Dzięki Ricardo mam załatwiony rok świętego spokoju od wszystkich problemów związanych z lotosem i innymi organizacjami. Głównie przez ciąże zapewnił mi dodatkową ochronę. Dalej nie wiem jakim cudem ale zajęłam nagle drugie najwyższe miejsce w organizacji a w Lotosie pierwszą. Mam teraz dużo wyższą pozycję społeczną niż mój mąż choć wcale nie chce i cały czas czuje się, że to on jest tu tym potężnym. Tak szczerze to chce czuć jego dominację i męskość bo podobają mi się w nim te cechy. A poza tym nie chciałabym, żeby cokolwiek w naszym małżeństwie się zmieniło przez tą całą wielką aferę.

- James! - Zawołałam męża z łazienki. Bez słowa przyszedł i stanął za mną. Położył dłonie na moich biodrach.

- Tak księżniczko? - Wydawało mi się, że już nie spał ale był jeszcze strasznie zaspany i ledwo otwierał oczy więc najprawdopodobniej go obudziłam a mimo tego od razu przyszedł. Wygląda słodko gdy jest senny.

- Mam dwa pytania. - Uśmiechnęłam się głupio. Ten automatycznie przesunął swoje dłonie na mój brzuch.

- Słucham uważnie. - Rozbudził się.

- Czy mogłabym pójść na zakupy? Chce kupić sobie trochę wygodnych ubrań. Oczywiście doceniam to, że wypełniłeś mi szafę po brzegi ale brakuje mi takich luźnych typu dres do chodzenia po domu. Nie będe chodzić przecież cały czas w tych skąpych piżamach szczególnie, że ostatnio źle się czuje i nie mam zamiaru często wychodzić.

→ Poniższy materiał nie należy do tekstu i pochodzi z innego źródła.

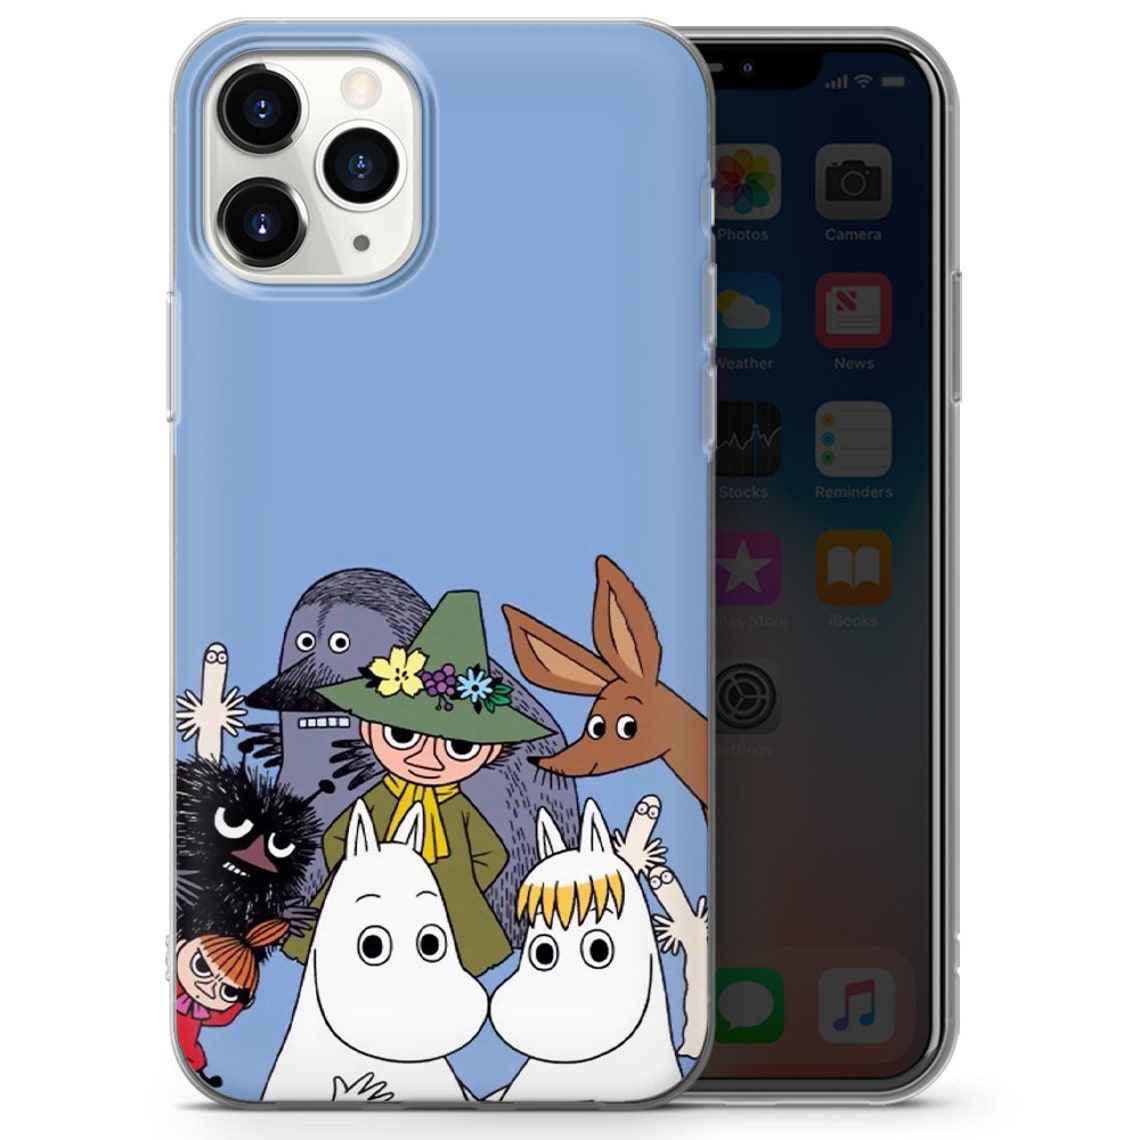 Moomin Trolls Phone Case Cover for iPhone 7 8 XS XR 11 | Etsy

- Dobrze ale będziesz musiała iść z Davidem bo ja od dwóch tygodni nie pilnowałem interesów i Luka marudzi, że już nie daje sobie rady. - Zaśmiał się. - A drugie pytanie?

- Racja. Umówiłbyś mnie do ginekologa proszę? - Nieśmiało spytałam.

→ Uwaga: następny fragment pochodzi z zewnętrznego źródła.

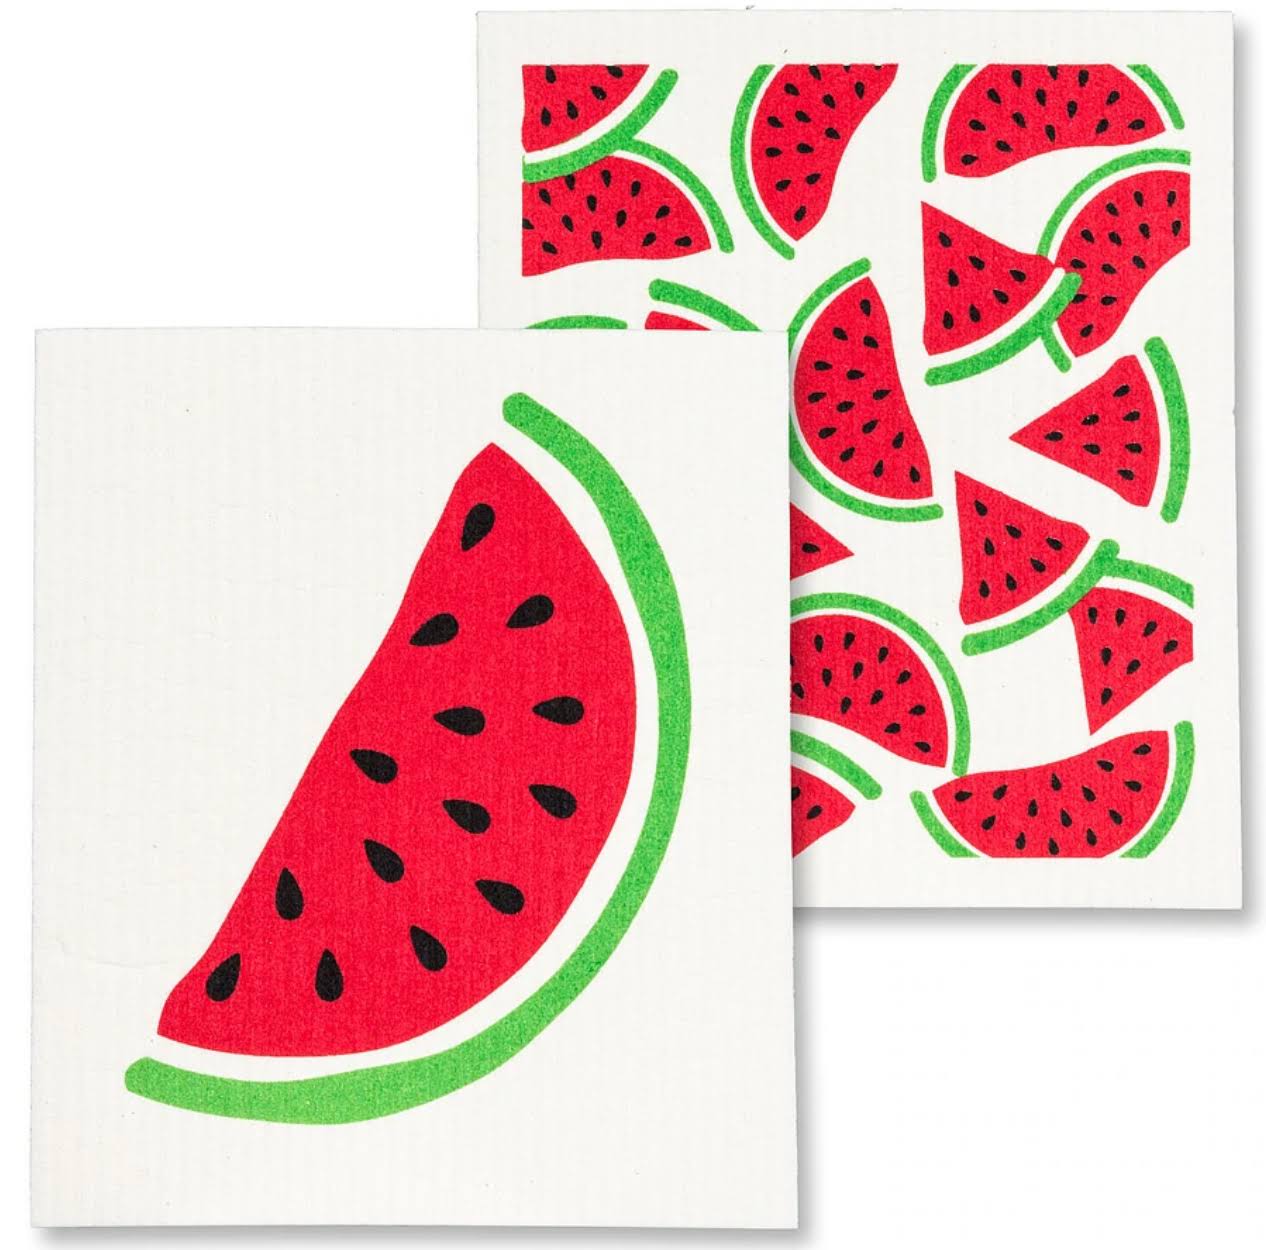 Abbott Collections AB-84-ASD-AB-80 6.5 x 8 in. Watermelon Dishcloths Ivory & Red - Set of 2

- Ja? - Odskoczył do tyłu.

- Tak. Zawsze Salvatore mnie umawiał i był niepotrzebnie na każdej wizycie. - Mówiąc to patrzyłam się na jego odbicie w lustrze a on na moje. Głośno przełknął ślinę.

- Już ci mówiłem. Jesteś moją i tylko moja ale nie mam zamiaru traktować cię jak każdy capo swoją zmuszoną do życia z nim kobietę. Nie będe ingerował w tą część twojego życia. - Westchnął. - Umówie cię do znajomej jeśli chcesz ale nie pójde tam. - Przytuliłam go i pobiegłam do garderoby ubrać się na zakupy. Mój mąż zamiast jechać do pracy wrócił spać i bezwładnie rzucił się na łóżko. Słodko to wyglądało. Sama nie wiem czy uda mi się wytrzymać tyle czasu nie dosyć, że bez kochania się z mężem to jeszcze z wielkim brzuchem.

James

Gdy się znowu obudziłem Victorii i Davida już nie było. Wysłał mi SMS-a, że są w jakimś tanim sklepie na na poboczu miasta. Napisałem mu, żeby zabrał ją do jakiegoś FANCY sklepu na Manhattanie żeby się cieszyła z zakupów jak każda kobieta. Wysłałem do nich jeszcze dwóch ludzi tak na wszelki wypadek i sam zebrałem się po czym pojechałem do klubu gdzie już siedział Luka i załatwiał robotę papierkową. Z tego co się dowiedziałem wcale nie szło mu najgorzej. Podobno przychody zwiększyły się o trzy procęt.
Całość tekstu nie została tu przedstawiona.